Furthermore, when the latter developer is used, the migration in the development area is good, so that the solid black density is even higher to about 1.5.

In the embodiments described above, a roll diameter of 37 mm was explained, but even if the roll diameter changes within the normal roll diameter range of 20 mm to 40 mm, the same can be achieved by developing the technical idea of the present invention. effect can be obtained. That is, in addition to forming a magnetic field to increase the density of the developer in the development area, a carrier with low magnetic force may be applied to increase the fluidity of the developer.

〔Effect of the invention〕

As explained above, according to the present invention, the distance between the magnetic poles in the developing area of the developing roll is in the range of 5 to 15 mm along the roll surface, and the center angle of these magnetic poles is in the range of 16 to 46 degrees. Since it was decided to perform development using a magnetic carrier having a specific resistance value of 10 ¹² ohm.cm or more and a saturation magnetization of 5 to 40 emu/g, the following effects are obtained.

(a) Due to the low magnetic force of the carrier, the binding force between magnetic carrier particles due to the magnetic field is weakened. As a result, even if the developer is in a highly filled state in the developing section, it becomes easy to move, and the toner present inside the developing section can also contribute to the development.

(b) During development, charges of opposite polarity corresponding to the charges of the developed toner are likely to be separated from the vicinity of the photoreceptor due to the high fluidity of the developer, so it is possible to suppress the decrease in the developing electric field. can.

(c) The spikes of the developer are no longer strong, and the toner electrostatically adsorbed on the photoreceptor is less likely to be scraped off, so a homogeneous image can be obtained, and lines of the same width in the vertical and horizontal directions can be obtained. The difference in these widths when the image is developed becomes smaller.

(d) Since the collision force between the magnetic carriers is reduced, toner and externally added materials are less likely to fuse to the surface of the magnetic carriers, and the life of the developer can be extended.
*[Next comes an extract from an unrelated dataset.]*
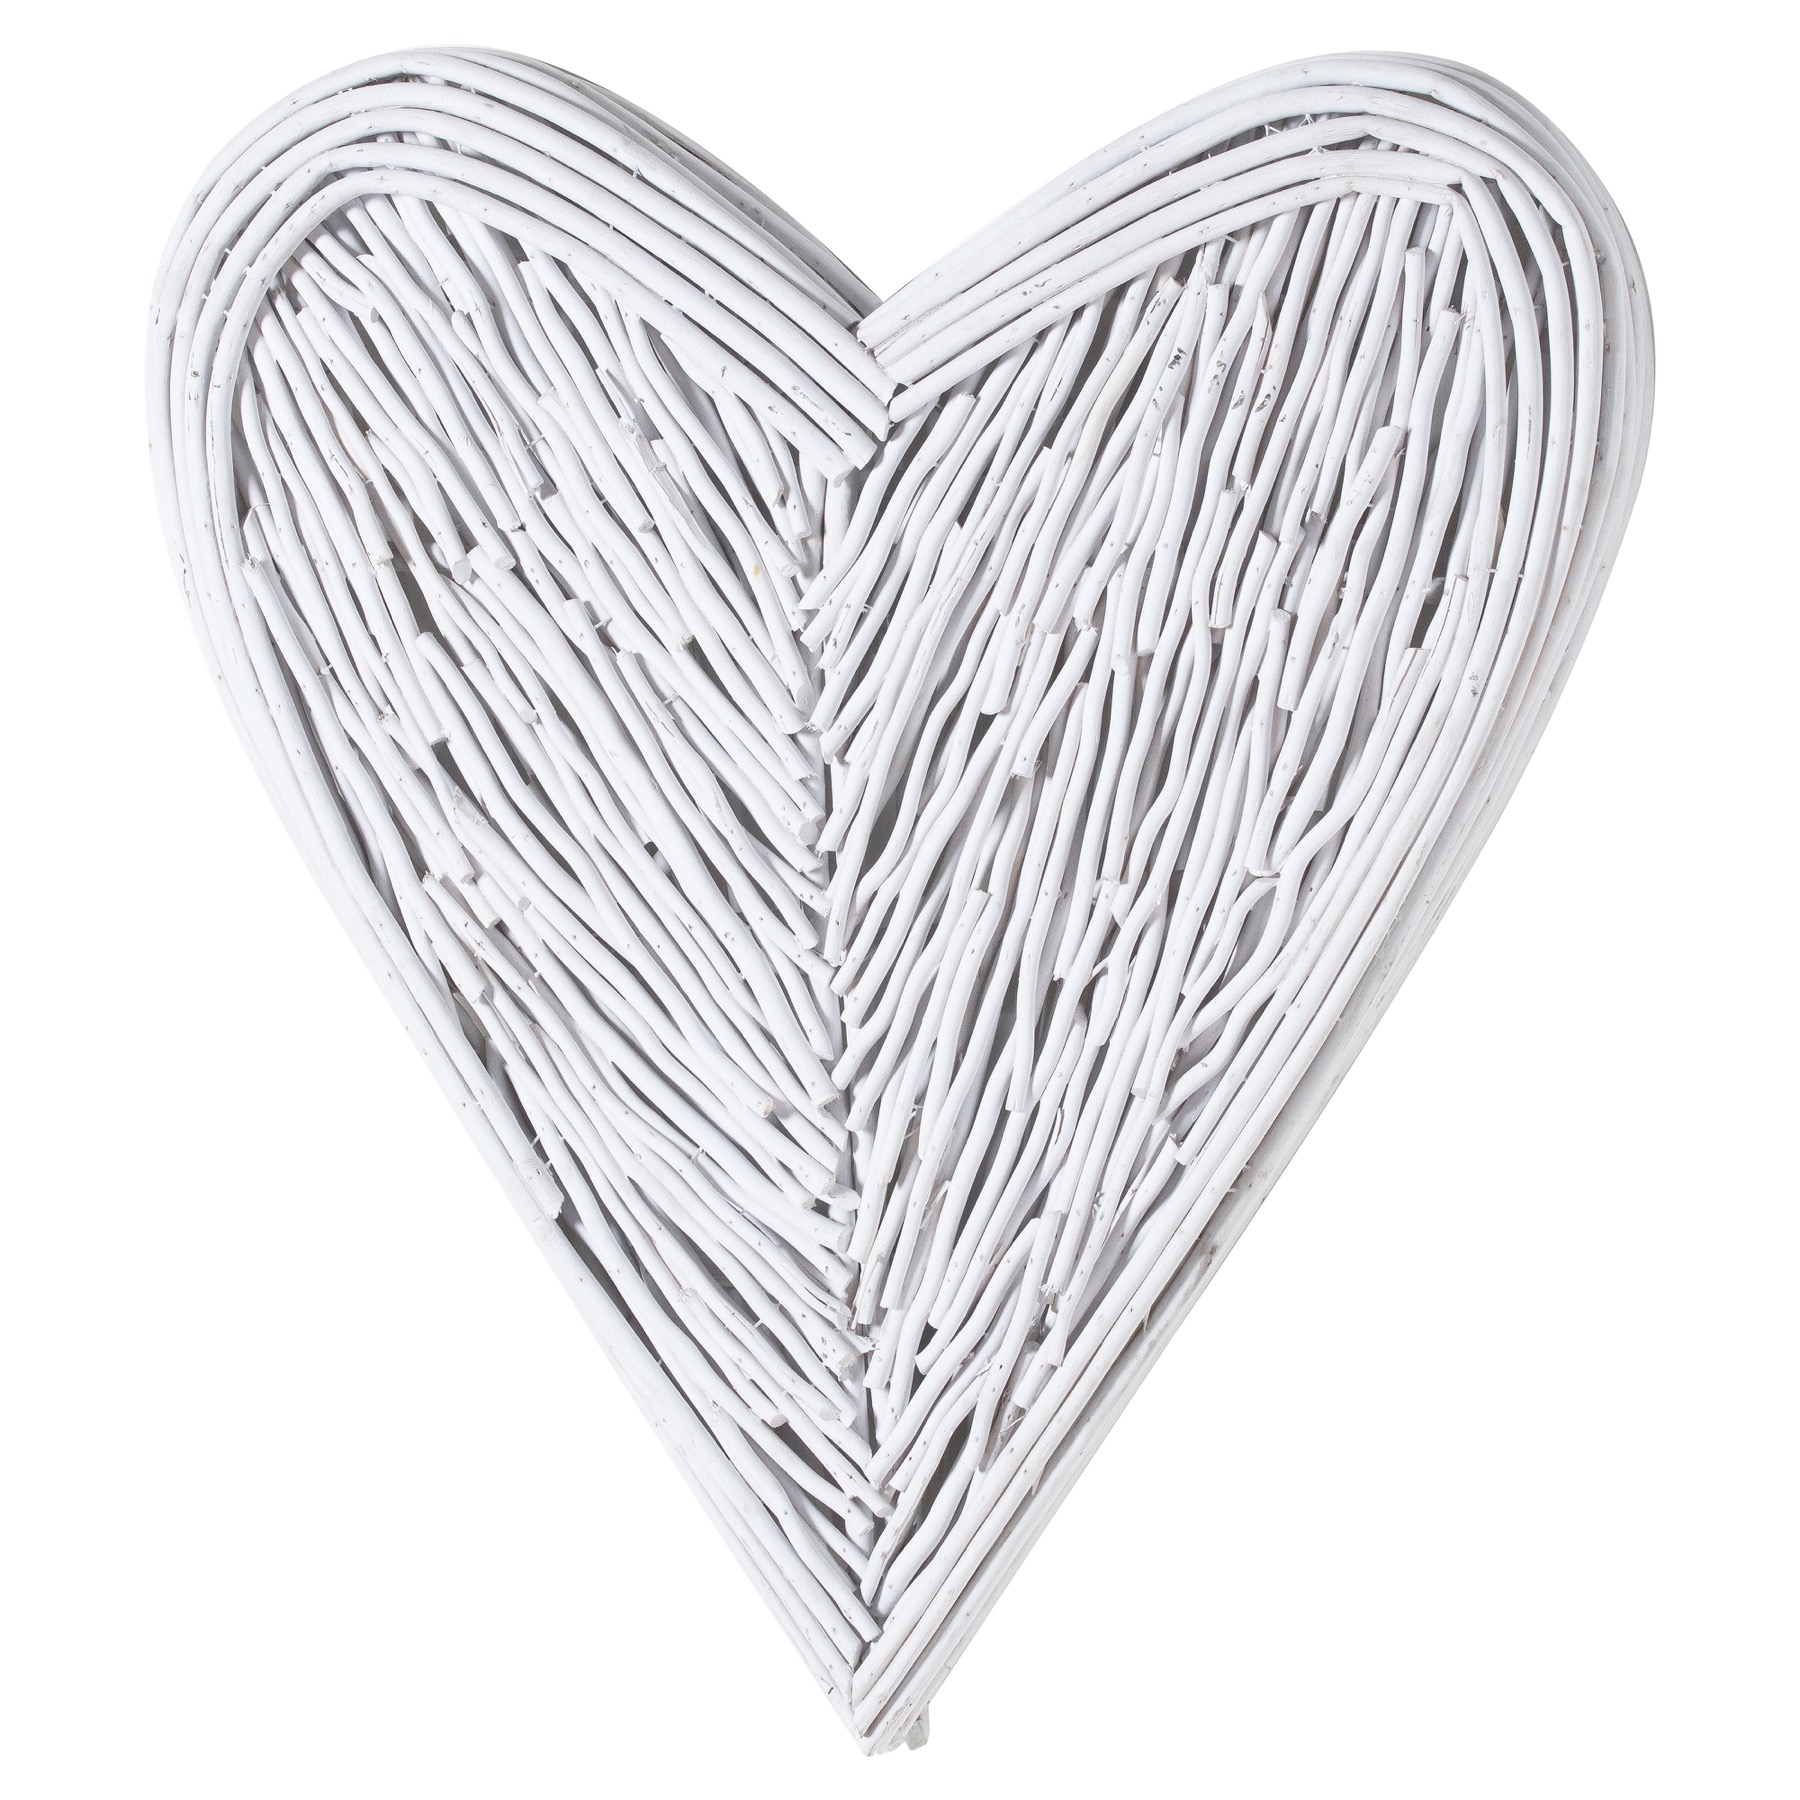 Small White Willow Branch Heart - Image 1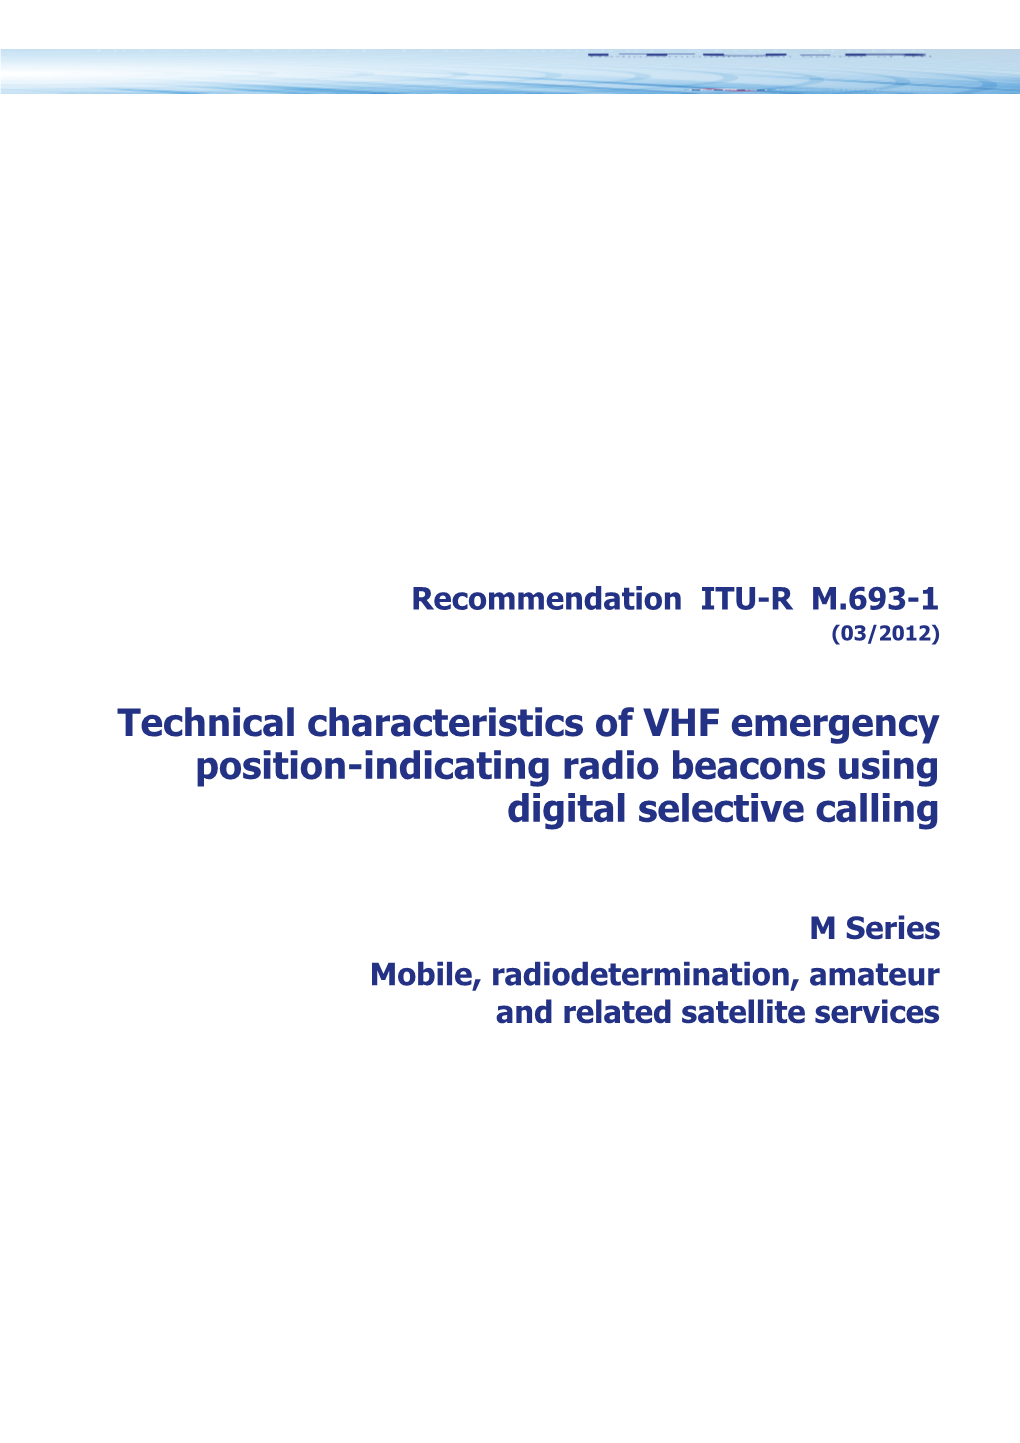 RECOMMENDATION ITU-R M.693-1 - Technical Characteristics of VHF Emergency Position-Indicating

[Brief explanation of drawings]

Fig. 1 is a schematic front view showing an example of a conventional developing device, Fig. 2 is a schematic front view showing a part of the magnet roll of the same device, and Figs. A schematic front view showing a part of the magnet roll, FIG. 6 is a diagram shown to explain the solid black density of the copied image, and FIG. 7 is a diagram shown to explain the density ratio of horizontal lines and vertical lines in the copied image. FIG. 8 is a diagram showing the relationship between the number of lines within a unit width and the developing electric field. 11, 21, 31... Magnetrol, 12
... Magnetic support, S ₁ ... Main developing pole, N ₁ ...
...Magnetic pole adjacent to the main developing pole.

Claims (1)

[Scope of Claims] 1. In a two-component magnetic brush developing device using toner and a magnetic carrier having a specific resistance value of 10 ¹² Ω·cm or more, a main developing pole of a magnet roll, a photosensitive drum, and a magnetic carrier of the magnet roll are provided. The angle between adjacent magnetic poles across the center connecting line is in the range of 16 degrees to 46 degrees, and the distance between these magnetic poles is 5 to 15 mm along the roll surface, and the saturation magnetization of the magnetic carrier is 5 to 40 emu/g, and the main developing pole and the adjacent magnetic pole have different polarities.